#### [MATERIAL PROVIDED]
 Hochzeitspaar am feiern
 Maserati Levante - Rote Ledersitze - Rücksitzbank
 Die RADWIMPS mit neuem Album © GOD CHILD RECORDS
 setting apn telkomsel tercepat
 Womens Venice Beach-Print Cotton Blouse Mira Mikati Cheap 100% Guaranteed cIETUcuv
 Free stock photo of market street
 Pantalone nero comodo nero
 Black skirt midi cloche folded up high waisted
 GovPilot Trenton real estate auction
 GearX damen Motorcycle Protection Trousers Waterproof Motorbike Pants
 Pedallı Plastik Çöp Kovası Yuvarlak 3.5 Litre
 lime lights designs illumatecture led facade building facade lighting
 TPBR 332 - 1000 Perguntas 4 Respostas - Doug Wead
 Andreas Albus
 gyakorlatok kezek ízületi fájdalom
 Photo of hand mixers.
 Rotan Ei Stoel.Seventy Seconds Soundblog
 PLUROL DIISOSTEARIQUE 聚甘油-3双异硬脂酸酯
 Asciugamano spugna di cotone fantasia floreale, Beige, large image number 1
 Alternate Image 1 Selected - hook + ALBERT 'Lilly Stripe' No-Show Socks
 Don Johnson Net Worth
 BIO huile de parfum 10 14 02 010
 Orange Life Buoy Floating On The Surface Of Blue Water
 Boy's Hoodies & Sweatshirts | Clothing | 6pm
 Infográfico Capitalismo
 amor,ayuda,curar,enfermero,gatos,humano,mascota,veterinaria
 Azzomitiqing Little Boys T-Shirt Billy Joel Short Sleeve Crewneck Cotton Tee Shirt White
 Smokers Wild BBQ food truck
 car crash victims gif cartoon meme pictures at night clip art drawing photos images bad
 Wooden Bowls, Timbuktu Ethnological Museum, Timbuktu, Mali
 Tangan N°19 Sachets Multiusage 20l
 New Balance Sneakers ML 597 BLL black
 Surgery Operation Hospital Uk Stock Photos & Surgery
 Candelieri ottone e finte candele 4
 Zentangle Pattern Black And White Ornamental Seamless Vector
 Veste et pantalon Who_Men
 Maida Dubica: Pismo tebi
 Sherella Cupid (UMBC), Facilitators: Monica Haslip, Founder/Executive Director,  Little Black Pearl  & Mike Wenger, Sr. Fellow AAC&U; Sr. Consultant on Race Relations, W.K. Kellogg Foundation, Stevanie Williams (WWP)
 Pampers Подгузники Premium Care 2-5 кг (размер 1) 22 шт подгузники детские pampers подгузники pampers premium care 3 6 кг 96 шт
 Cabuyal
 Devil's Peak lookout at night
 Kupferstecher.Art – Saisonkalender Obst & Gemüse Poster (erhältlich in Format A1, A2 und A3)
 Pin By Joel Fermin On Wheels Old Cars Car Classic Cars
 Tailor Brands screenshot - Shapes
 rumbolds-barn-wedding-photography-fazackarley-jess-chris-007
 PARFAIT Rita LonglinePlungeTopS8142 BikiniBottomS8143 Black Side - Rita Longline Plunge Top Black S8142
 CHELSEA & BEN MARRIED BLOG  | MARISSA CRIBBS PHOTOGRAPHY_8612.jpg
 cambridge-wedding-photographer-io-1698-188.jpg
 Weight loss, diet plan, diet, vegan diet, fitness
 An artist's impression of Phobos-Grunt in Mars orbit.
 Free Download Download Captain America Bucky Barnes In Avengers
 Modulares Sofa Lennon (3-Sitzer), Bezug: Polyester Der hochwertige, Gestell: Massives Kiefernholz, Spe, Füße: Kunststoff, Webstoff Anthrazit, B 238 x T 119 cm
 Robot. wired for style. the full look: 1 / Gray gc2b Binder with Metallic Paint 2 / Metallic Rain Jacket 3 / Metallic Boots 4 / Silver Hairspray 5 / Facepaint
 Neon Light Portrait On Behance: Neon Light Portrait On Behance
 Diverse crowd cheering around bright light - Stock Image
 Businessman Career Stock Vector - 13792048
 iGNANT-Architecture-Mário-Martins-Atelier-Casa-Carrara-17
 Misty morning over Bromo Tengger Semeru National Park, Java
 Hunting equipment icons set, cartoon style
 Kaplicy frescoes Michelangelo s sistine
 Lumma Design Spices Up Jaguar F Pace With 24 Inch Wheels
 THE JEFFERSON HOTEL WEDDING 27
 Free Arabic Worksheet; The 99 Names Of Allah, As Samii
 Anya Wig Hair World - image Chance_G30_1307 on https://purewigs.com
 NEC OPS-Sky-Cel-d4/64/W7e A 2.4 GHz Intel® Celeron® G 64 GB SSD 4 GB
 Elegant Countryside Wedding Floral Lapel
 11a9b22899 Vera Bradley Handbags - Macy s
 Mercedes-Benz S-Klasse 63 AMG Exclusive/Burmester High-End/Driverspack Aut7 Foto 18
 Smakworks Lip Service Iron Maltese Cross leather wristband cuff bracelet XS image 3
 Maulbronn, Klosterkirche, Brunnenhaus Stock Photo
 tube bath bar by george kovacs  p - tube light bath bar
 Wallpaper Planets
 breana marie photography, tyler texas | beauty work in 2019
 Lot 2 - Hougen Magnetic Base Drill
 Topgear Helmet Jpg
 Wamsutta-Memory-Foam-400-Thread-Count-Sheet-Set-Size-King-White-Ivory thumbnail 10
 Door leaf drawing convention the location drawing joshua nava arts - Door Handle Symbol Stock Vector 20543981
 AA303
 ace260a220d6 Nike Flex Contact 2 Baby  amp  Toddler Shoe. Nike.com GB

#### [YOUR ASSIGNMENT]
Return word for word the lines above from the line with "Free stock photo of market street" to the line with "Devil's Peak lookout at night", including both and leaving out all others.

#### [FINISHED TASK]
 Free stock photo of market street
 Pantalone nero comodo nero
 Black skirt midi cloche folded up high waisted
 GovPilot Trenton real estate auction
 GearX damen Motorcycle Protection Trousers Waterproof Motorbike Pants
 Pedallı Plastik Çöp Kovası Yuvarlak 3.5 Litre
 lime lights designs illumatecture led facade building facade lighting
 TPBR 332 - 1000 Perguntas 4 Respostas - Doug Wead
 Andreas Albus
 gyakorlatok kezek ízületi fájdalom
 Photo of hand mixers.
 Rotan Ei Stoel.Seventy Seconds Soundblog
 PLUROL DIISOSTEARIQUE 聚甘油-3双异硬脂酸酯
 Asciugamano spugna di cotone fantasia floreale, Beige, large image number 1
 Alternate Image 1 Selected - hook + ALBERT 'Lilly Stripe' No-Show Socks
 Don Johnson Net Worth
 BIO huile de parfum 10 14 02 010
 Orange Life Buoy Floating On The Surface Of Blue Water
 Boy's Hoodies & Sweatshirts | Clothing | 6pm
 Infográfico Capitalismo
 amor,ayuda,curar,enfermero,gatos,humano,mascota,veterinaria
 Azzomitiqing Little Boys T-Shirt Billy Joel Short Sleeve Crewneck Cotton Tee Shirt White
 Smokers Wild BBQ food truck
 car crash victims gif cartoon meme pictures at night clip art drawing photos images bad
 Wooden Bowls, Timbuktu Ethnological Museum, Timbuktu, Mali
 Tangan N°19 Sachets Multiusage 20l
 New Balance Sneakers ML 597 BLL black
 Surgery Operation Hospital Uk Stock Photos & Surgery
 Candelieri ottone e finte candele 4
 Zentangle Pattern Black And White Ornamental Seamless Vector
 Veste et pantalon Who_Men
 Maida Dubica: Pismo tebi
 Sherella Cupid (UMBC), Facilitators: Monica Haslip, Founder/Executive Director,  Little Black Pearl  & Mike Wenger, Sr. Fellow AAC&U; Sr. Consultant on Race Relations, W.K. Kellogg Foundation, Stevanie Williams (WWP)
 Pampers Подгузники Premium Care 2-5 кг (размер 1) 22 шт подгузники детские pampers подгузники pampers premium care 3 6 кг 96 шт
 Cabuyal
 Devil's Peak lookout at night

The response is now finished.